Desalination of seawater forms a growing source of drinking water. However, algal blooms can hamper the operation of desalination plants for weeks. Dr. Loreen Villacorte (Unesco-IHE) developed some recommendations.
Reverse osmosis is a technology on the rise for producing drinking water from seawater. It relies on ultrafine membranes with pores of atomic dimensions over which a pressure of typically 40 – 70 bar is applied. The result is that not even salt ions can pass through the membrane, just the desalinated water. It has become the dominant desalination technology since about 2000 and the costs are expected to come down to half a dollar for 1.000 litres by 2015.
This is good news for all major cities near a coast since a growing population, increased living standards and over-exploitation of groundwater reserves has increased the world’s thirst for drinking water. The UN World Water Assessment Programme estimated that reverse osmosis (RO) might increase the global clean water supply by 20 % between 2020 and 2030.
As always, there is a snag in these projections. Water production plants in Oman and the United Arab Emirates found out the hard way when in 2008 the so-called red-tide broke out. It was an algal bloom that clogged up the first filters of the plant consisting of granular media like sand. This resulted in insufficient primary filtering and unacceptable feed water for the downstream RO system. As a consequence, a number of plants had to be closed.
’Unacceptable’ means the fouling capacity of the water, as measured by the silt density index SDI, is too high. “SDI value should be smaller than 5,” Villacorte explains. “If it falls higher than 5, the operator often choose the option to shut down the plant to avoid losing the warranty. However, as a consequence, the operator (usually a private company) has to pay a penalty cost to the client (government) for not delivering drinking water to the consumer.”
The people from Oman are not the only ones to suffer from these algal blooms, which may continue for days or a few weeks. Other arid coastal regions relying largely on desalinated drinking water, for example in Chile and California are just as vulnerable.

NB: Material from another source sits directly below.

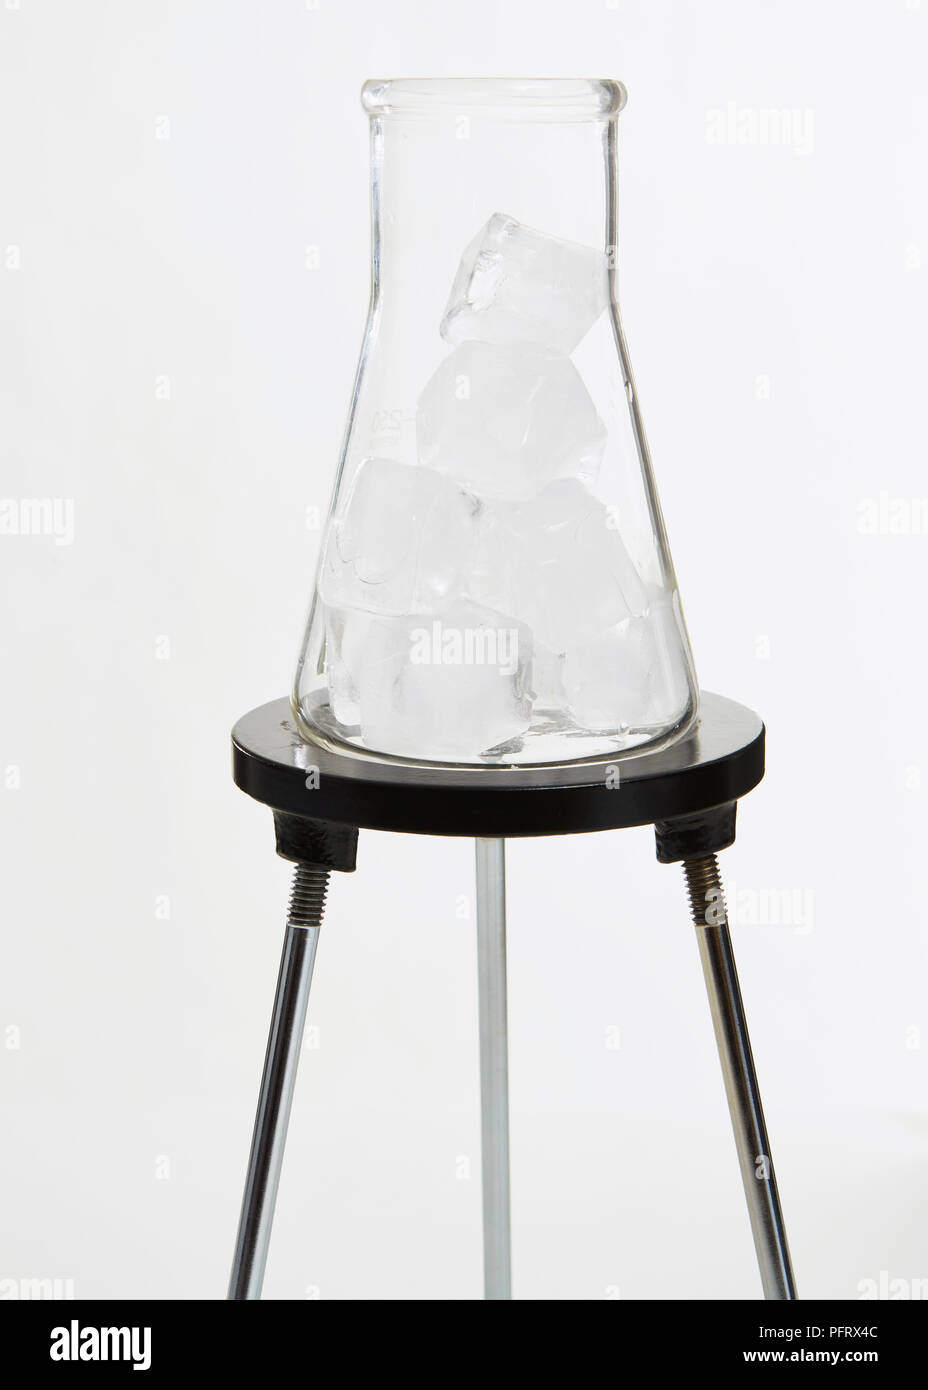 Matraz Erlenmeyer de vidrio sobre un trípode con cubitos de hielo. Foto de stock
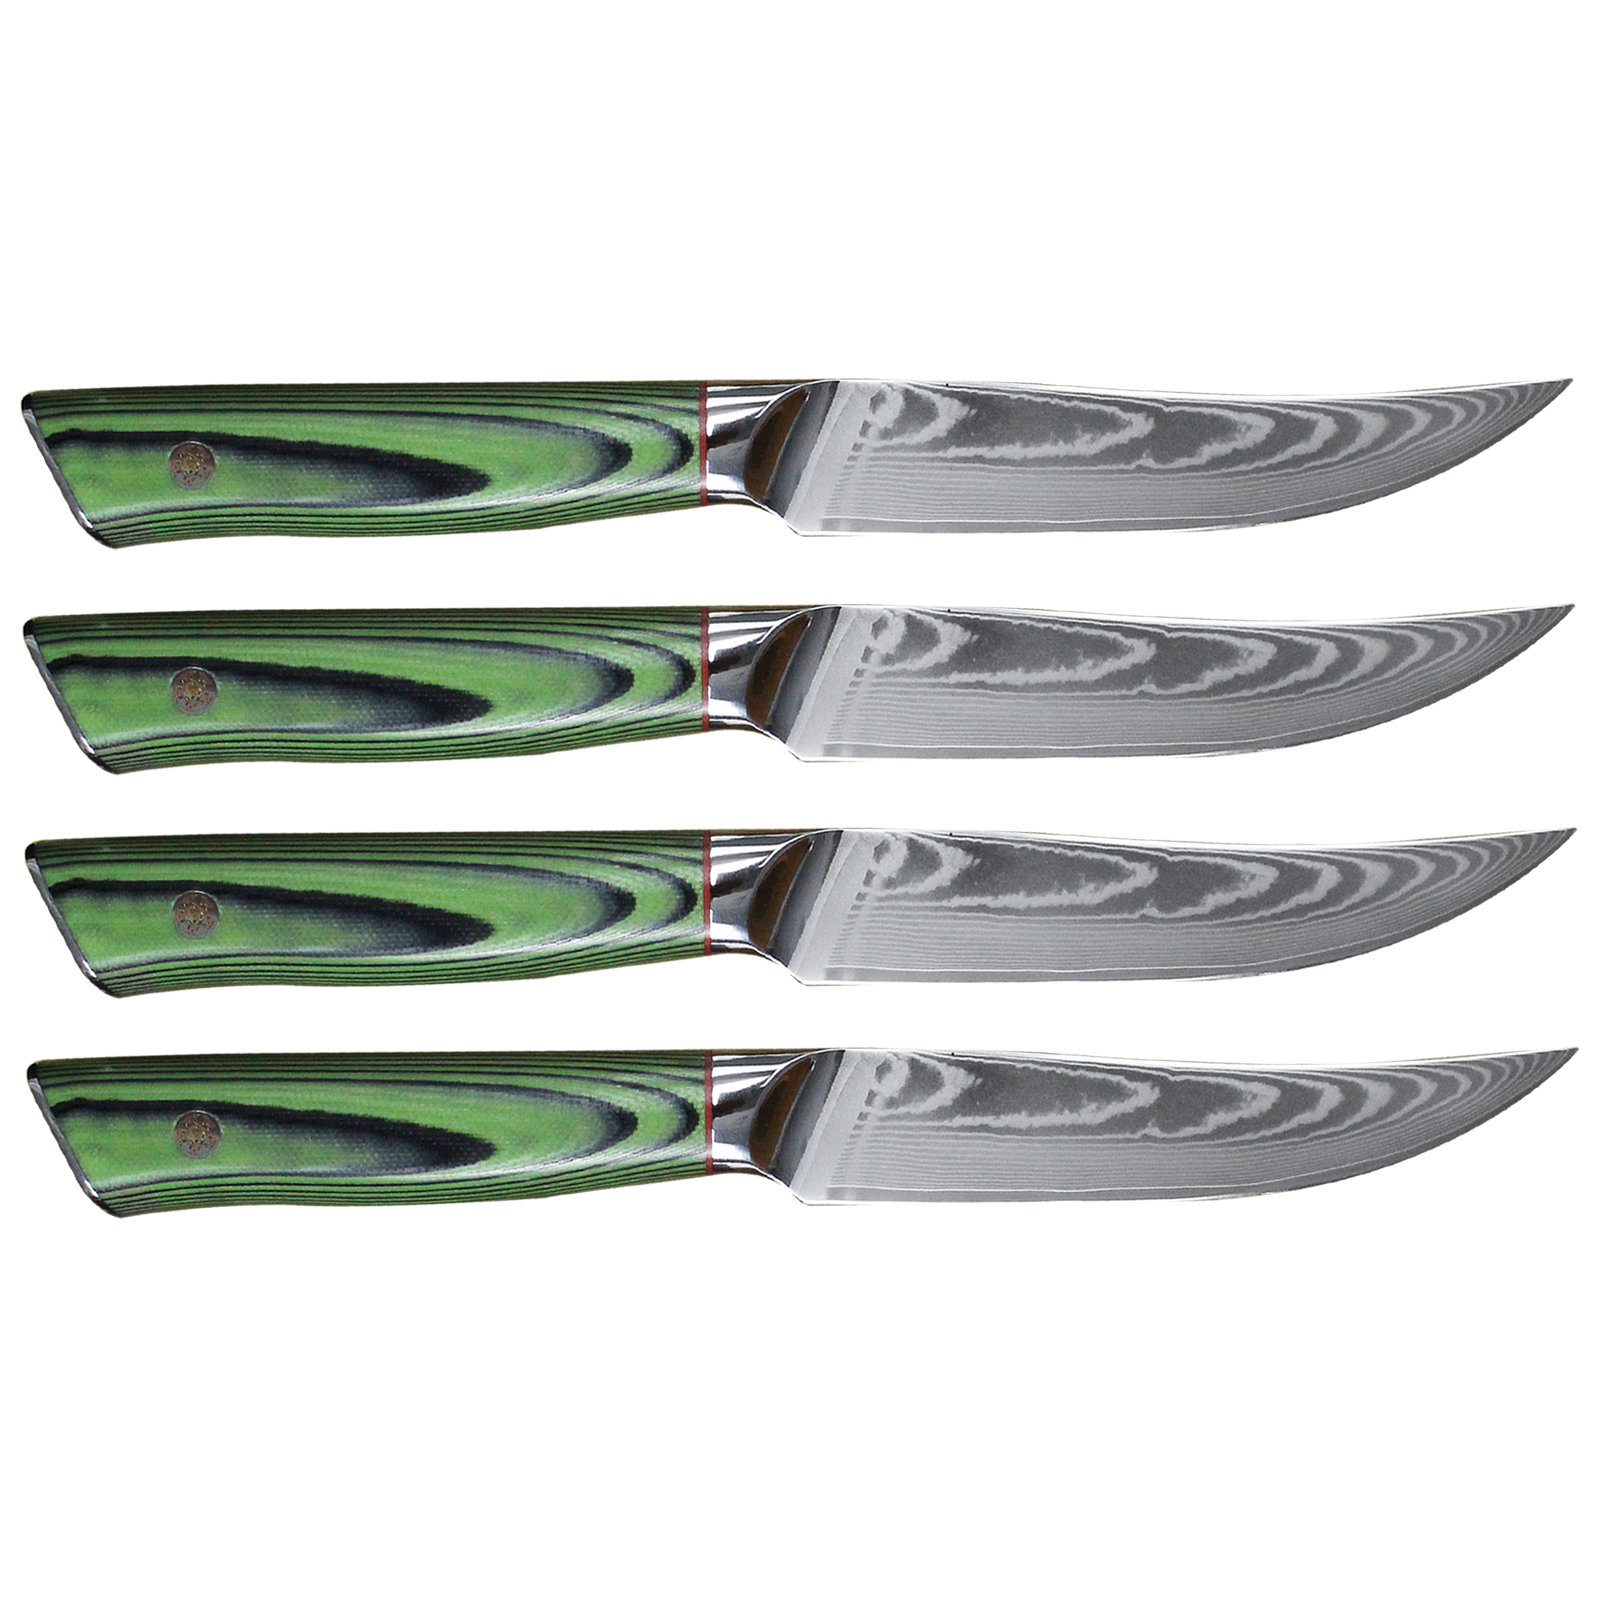 Damascus Steak Knife Set of 4 - Green G10 Handle

Dr. Loreen Villacorte, a water supply engineer from the Philippines who did his PhD research at Unesco-IHE and TU in Delft, calls membrane fouling ‘the main Achilles heel for the wider deployment of reverse osmosis.’
In practice, reverse osmosis is preceded by a number of other conventional pre-treatment techniques such as sand filtration, coagulation and sedimentation. Micro- and ultrafiltration membranes generally precede the reverse osmosis filter in order to reduce membrane fouling of the delicate RO filter.
Villacorte set out to measure what exactly it is that clogs up the filters when algae bloom. He found out that just filtering the algae itself doesn’t take away the problem. It is smaller algal organic matter that clogs up the filters. Further analysis led him to sticky polysaccharides and glycoproteins as the main culprit. The concentration of these transparent exopolymer particles or TEPs seems to correlate well with clogging of ultrafilters and biological fouling of RO-filters.
The good news is that ultrafilters with pores of a few nanometres are effective in prefiltering the TEPs and thus preventing biofouling of the RO filters.
If the ultrafilters get clogged themselves, they can usually be cleaned by backwashing them, explains Professor Maria Kennedy who supervised Villacorte’s PhD research. Pressure is then applied from the other side to flush away the fouling with water and some chemical cleaning solutions if need be.
When algal bloom occurs, Villacorte recommends regular monitoring of the fouling of the ultrafilters, the concentrations of algae and their sticky produce. Armed with this information, he is confident that corrective measures can be taken in the pre-treatment system. Thus production can continue, albeit with the help of some chemicals.
Loreen Ople Villacorte, Algal Blooms and Membrane Based Desalination Technology, PhD supervisor Prof. Maria Kennedy (CEGS and Unesco-IHE), January 8th 2014.